Камень пролетел мимо, только оцарапал щеку… боли он не почувствовал… еще один камень ударился в стену, и еще…

«Кажется, меня забрасывают камнями…» — подумал Бенедикт, протискиваясь в щель в ограде… — Пифагор, помоги, я застрял… за что-то зацепился…

Бенедикт услышал треск и очутился в воде… течение понесло его вниз, к каменному мосту и дальше, как и многих других…

На море был отлив…

Среди плывущих горожан были и утопленники…

Женщины плыли ничком, мужчины смотрели в небо, постепенно темнеющее…

Солнце погружалось в море…

Закат был кровавым…

Мертвые поплыли дальше, а живые выползали на берег, барахтались в осоке и тине…

Их ждали спасатели…

Бенедикт увернулся от багра спасателя, проплыл под мостом и скрылся в осоке…

Поодаль плескались дети… нагие они ныряли, прятались в воде и среди камней… дети играли в прятки…

Воцарилась ночь…

Ночью приливная волна подняла Бенедикта… течение унесло его в открытое море и высадило на каменистый остров…

Утром в камнях Бенедикт увидел женщину, скрытую наполовину в воде… волны ее колыхали… она то пыталась уплыть, то ползла по песку на берег…

Бенедикт встал и увяз в иле, упал на колени… он попытался ползти, но сил не было…

До крови он искусал губы, наблюдая за муками несчастной женщины…

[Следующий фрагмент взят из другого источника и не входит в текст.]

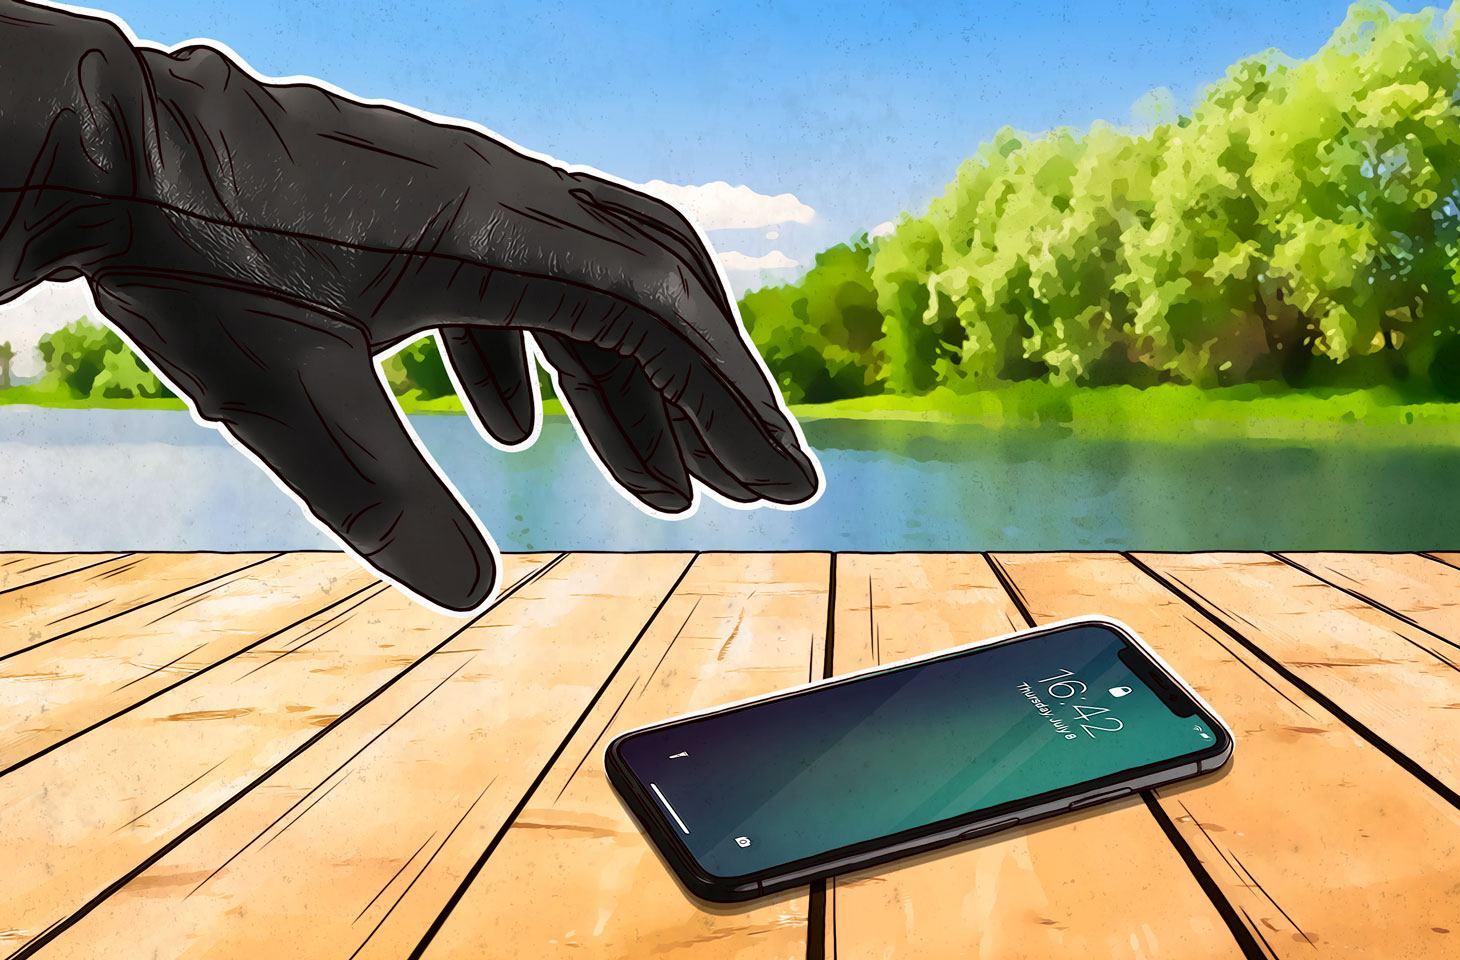 Er is een nieuwe manier van oplichting waarbij een gestolen iPhone wordt losgekoppeld van het Apple ID van het slachtoffer zodat deze meer geld oplevert.

Весь берег острова был усеян живыми и мертвыми людьми… живые люди разными способами стали переправляться на берег илистого пролива… некоторые завладели лодками, собственностью рыбаков… правда, лодки были без весел…

* * *

«Не помню, показалось мне или нет, но я шел по воде, сохраняя ноги сухими… и зыбь не поглотила меня пешего… — размышлял Бенедикт…

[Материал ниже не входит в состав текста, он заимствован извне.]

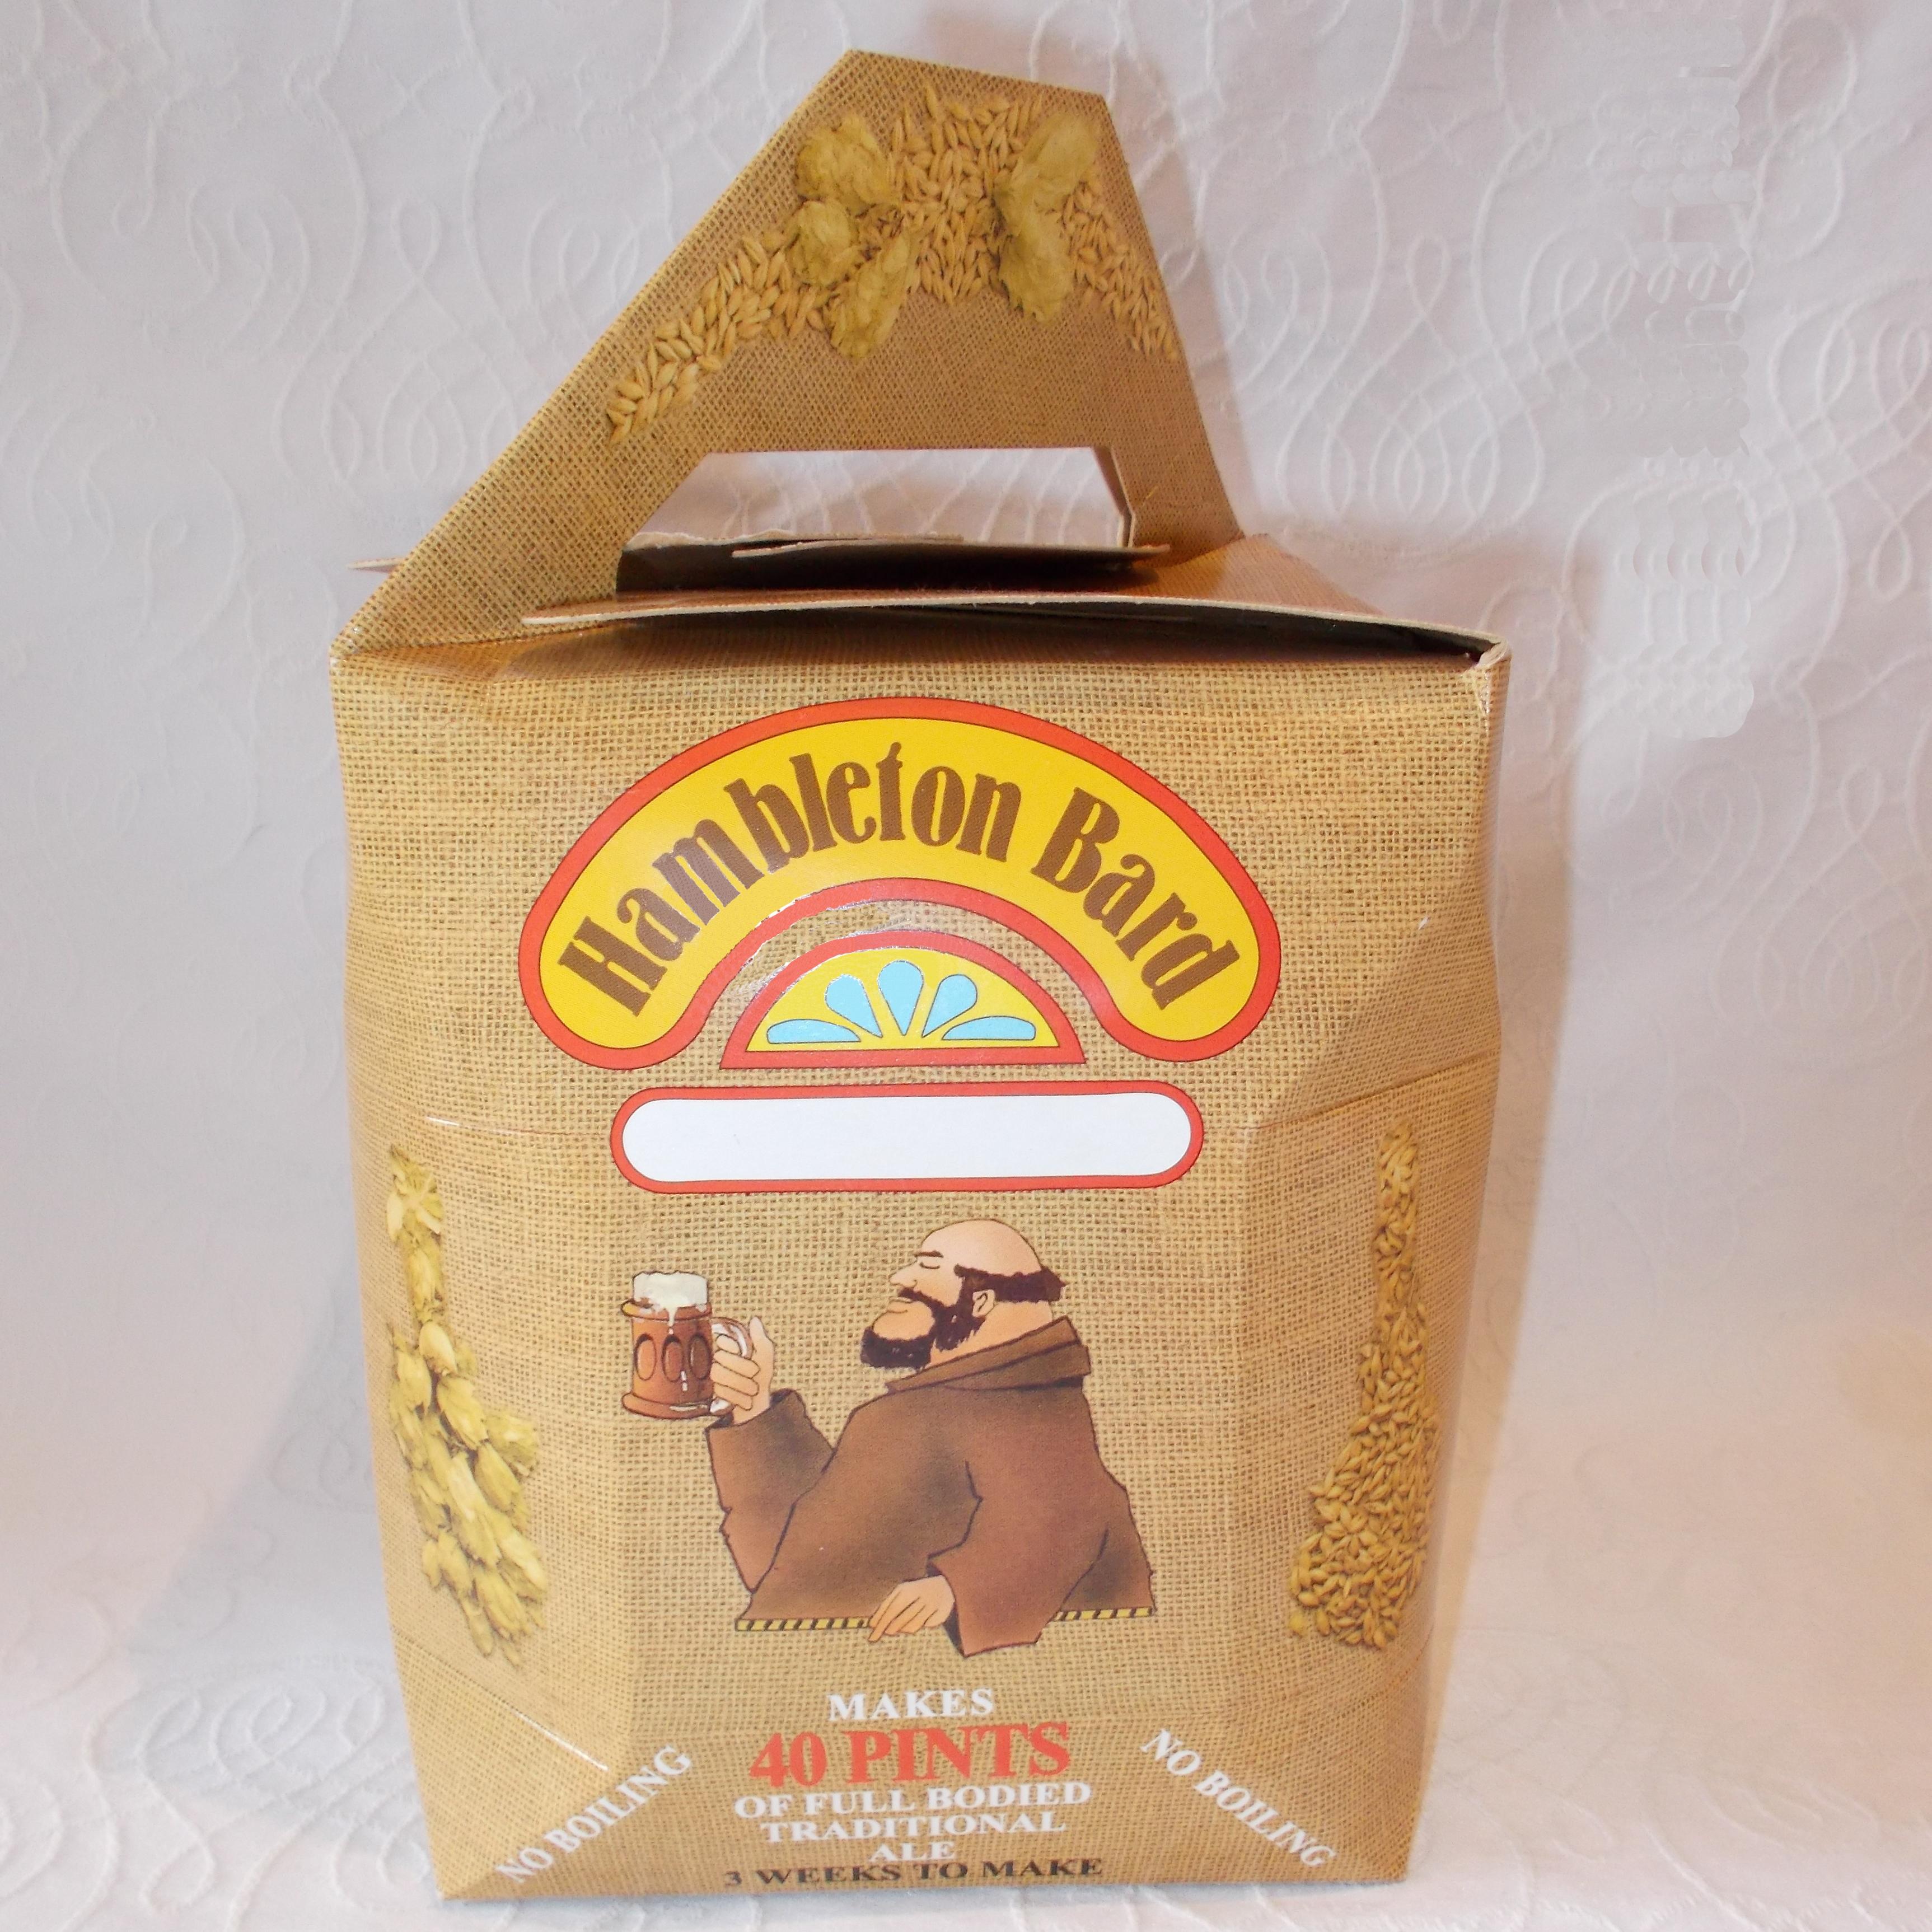 Hambleton Bard Dry Beer Kits - Strong Bitter

Помню, плывущая поодаль дева посмотрела на меня в изумлении, и поплыла за мной, перебирая ногами, чтобы выгрести по течению…

Течение отнесло деву прочь…

За девой проплыла целая толпа дельфинов…

Солнце восстало, прокатилось по небу и ушло за горизонт…

Скалы скрылись в сверкающей зыби, превратившейся в вино…

Закат погас…

Стало тихо, лишь плеск воды в камнях пугал тишину…

Время как будто остановилось…

Для бога нет ничего невозможного… и времени нет, есть только вечность, которую невозможно представить… она пугает… и манит, не чужие мы ей, свои…»

Размышления Бенедикта прервали раскаты грома, потрясшего небо, заставившего и скалы стронуться с места…

Начался камнепад…

Бенедикт очнулся от грохота в расселине…

«Где я?.. во сне я был рыбой… потом увидел Марка… он шел за мной по воде, пытался догнать…»

Зрелище привлекло внимание толпы людей на пароме…

— Чудо!.. — восклицали люди…

«Но чудо ли это для бога…

Видел я, сколько людей пропало в ту ночь… тела живых и утопленников плыли по воде, влекомые течением…

Течение прибивало трупы к берегу острова… они превращались в камни, и собирались в горы…»

* * *

Послышался странный подземный гул, напоминающий рычание своры собак…

По своду пещеры поползли, извиваясь, трещины…

Трепеща, меняясь в лице от страха, Бенедикт подполз к выходу из пещеры…

С неба низвергались камни…

Бенедикт обратил внимание на деву в платье невесты… она лежала поодаль среди камней… ему показалось, что дева еще дышит… губы ее были приоткрыты и грудь вздымалась…

«Смерть ее не нашла… она спит или без сознания… не ропщет, не стонет, слов с упреком богу не молвит… однако губы ее шевелятся…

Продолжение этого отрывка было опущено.